Suppose you now have a classification problem, X is a feature, and Y is a class tag. A joint probability distribution P (x, y) is studied with a generative model, and a conditional probability distribution P (y|x) is studied by discriminant model.
use a simple example to illustrate this problem. Assuming that X is two (1 or 2), Y has two classes (0 or 1), with the following sample (1,0), (1,0), (first), (2,1)
The joint probability distribution (generation model) learned is as follows:
-------0------1----
--1------?
--2--0------
and the conditional probability distribution (discriminant model) learned is as follows:
-------0------1----
--1--2/3---1/3?
--2--0---1
In the actual classification problem, the discriminant model can be directly used to judge the category of the feature, and the model should be added with the Bayesian law and then applied to the classification. However, there can be other applications for the probability distribution of the generated model, which means that the generation model is more general and pervasive. But the discriminant model is more straightforward and simpler.

The loss function in regression

I've been talking about classification issues, and now we're going to the regression question:

Classification and regression not clear what the meaning can be referred to the description: {

the difference between classification and regression is the type of the output variable.

the quantitative output is called regression, or continuous variable prediction;
qualitative output is called classification, or discrete variable prediction.

As an example:
predict tomorrow's temperature is how many degrees, this is a return task;
predicting whether tomorrow is cloudy, sunny or rainy is a sort of task.

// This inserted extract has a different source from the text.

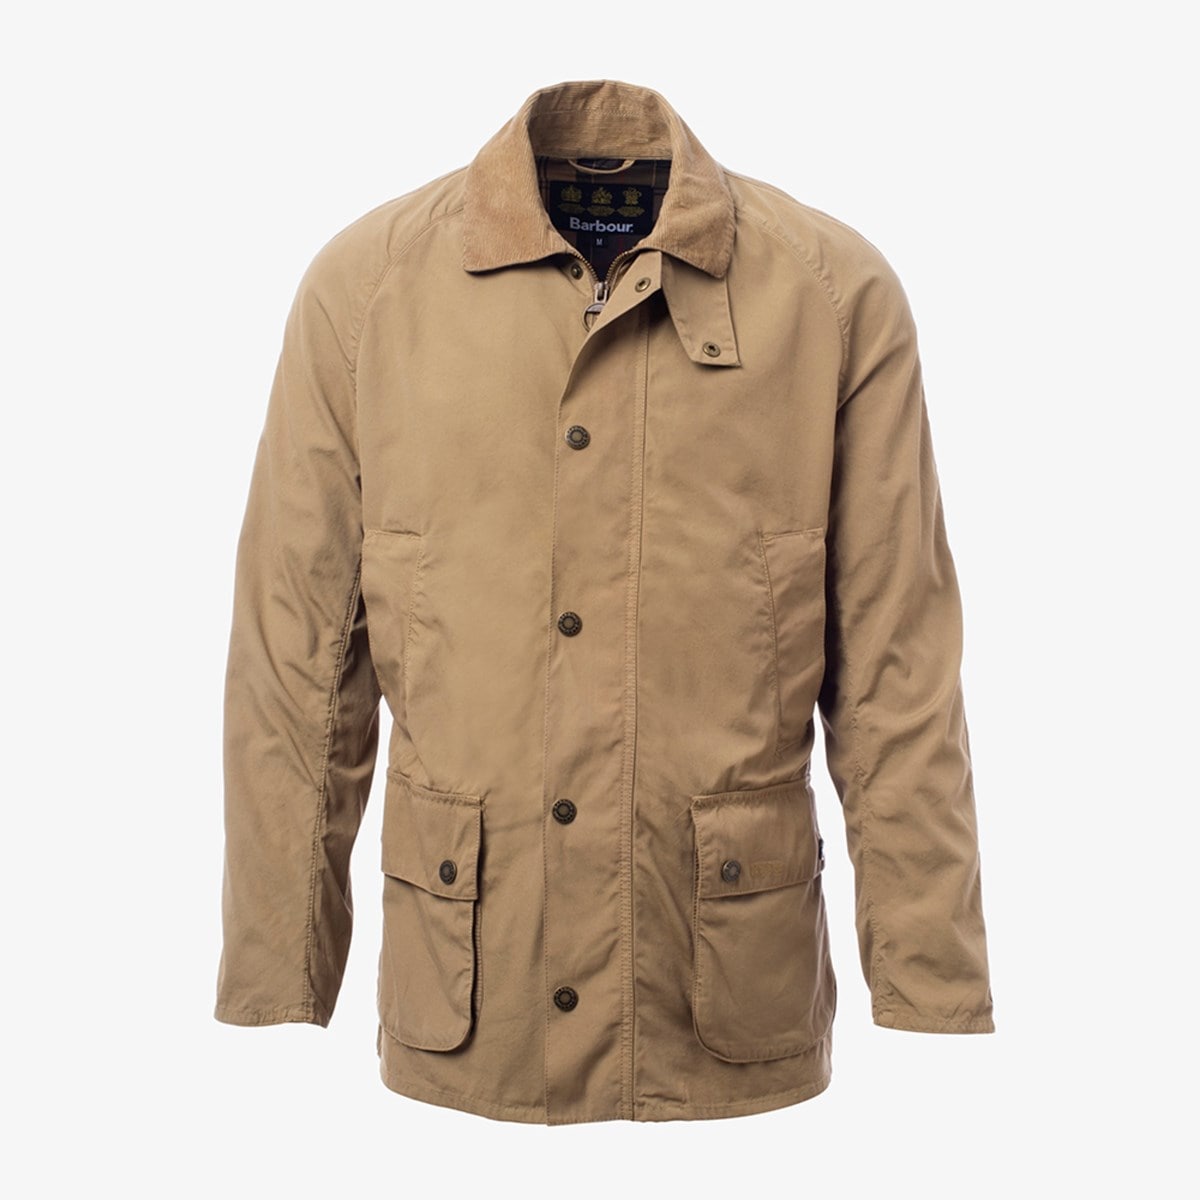 Barbour Ashby Casual Jacket | Men's Outerwear | Allen Edmonds
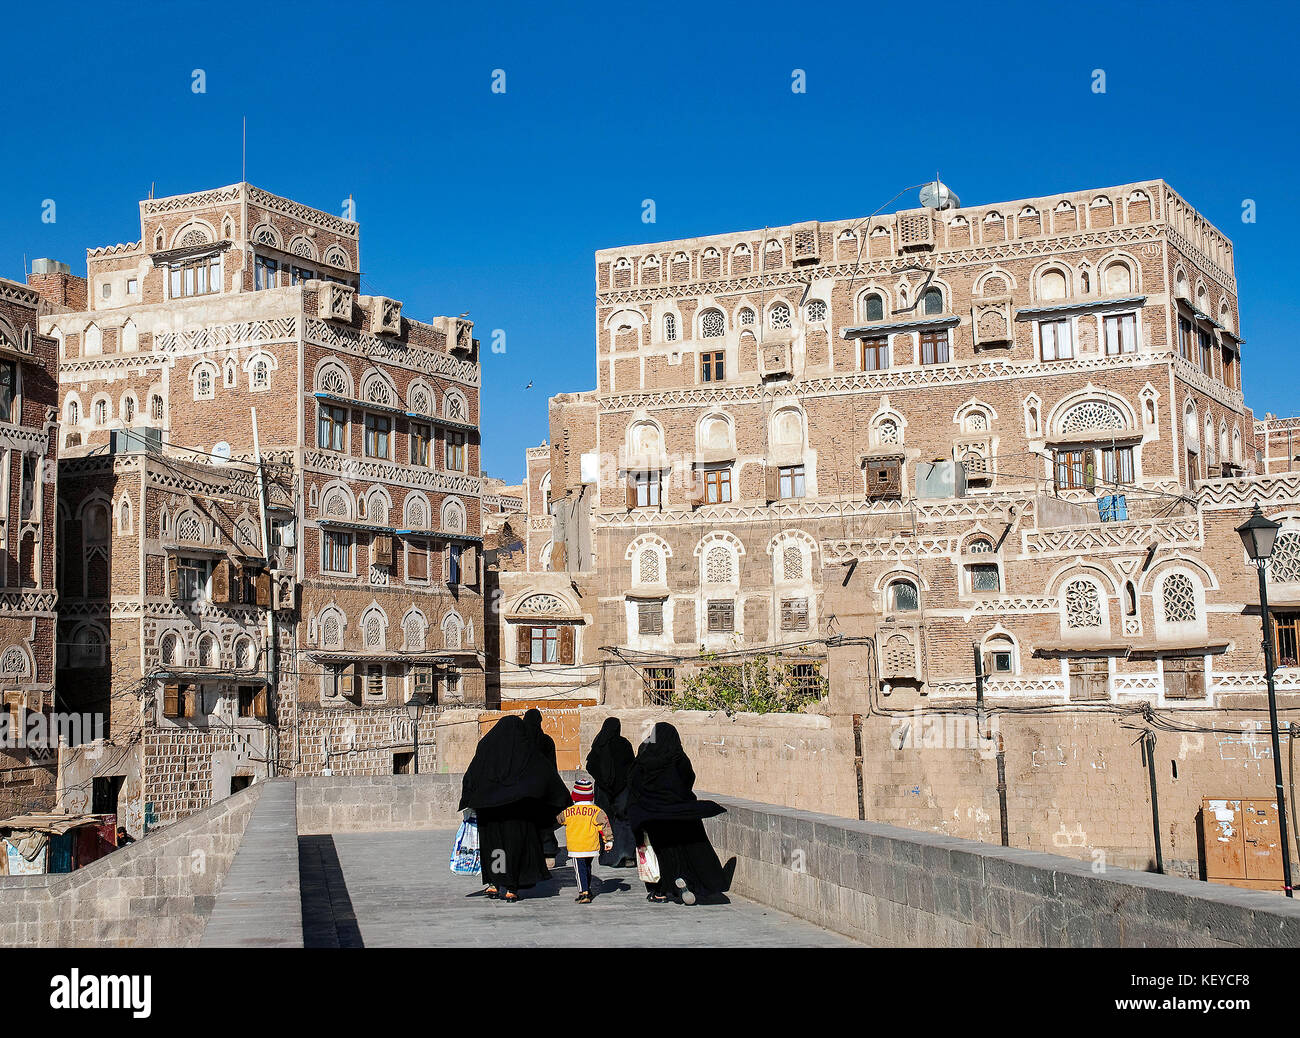 Scena di strada nel centro di sanaa città vecchia in Yemen Foto Stock

Decision-making phase: Select an appropriate mapping to make Y (x) =t

If the predicted result and the actual result of the square difference as a loss function:

?

Our goal is of course to minimize the loss function, namely: minimizee[l], if the partial derivative of y (x), that is, Y (x) equals how much, the minimum value is obtained (partial derivative is 0):

Translate to:

: When x=x0, it is distributed as a blue line

In addition, there is a different way to get the result: The formula can be written like this:

?

? to minimize the above loss function, the first right of the equation is when the minimum value is zero, and the second item indicates the fluctuation (variance) of the response value t of the input variable x in the desired meaning. Because it is only related to the joint probability distribution , it represents the portion of the loss function that cannot be reduced.

Similar to the classification problem, regression problems can be divided into 3 different methods (complexity from high to low):

1, the joint distribution:, normalization of the conditional distribution, and finally get the conditional mean value;

2, the condition density is obtained directly , and then the conditional mean value is obtained;

3, directly find a Y (x) mapping, X for the training set;

Of course, finding the squared difference is just one of the loss functions, and many times it's not accurate and elegant. So, we need some other error function. For example, Minkovski error (Minkowski loss):

?

?

It can be found that it is a more general form, when q=2 is the square loss.

?

?

?

?

?

?

?

Decision boundaries?

"PRML Reading notes-chapter1-introduction" 1.5 decision theory

Related Article

Contact Us

The content source of this page is from Internet, which doesn't represent Alibaba Cloud's opinion; products and services mentioned on that page don't have any relationship with Alibaba Cloud. If the content of the page makes you feel confusing, please write us an email, we will handle the problem within 5 days after receiving your email.

If you find any instances of plagiarism from the community, please send an email to: info-contact@alibabacloud.com and provide relevant evidence. A staff member will contact you within 5 working days.

A Free Trial That Lets You Build Big!

Start building with 50+ products and up to 12 months usage for Elastic Compute Service

  • Sales Support

    1 on 1 presale consultation

  • After-Sales Support

    24/7 Technical Support 6 Free Tickets per Quarter Faster Response

  • Alibaba Cloud offers highly flexible support services tailored to meet your exact needs.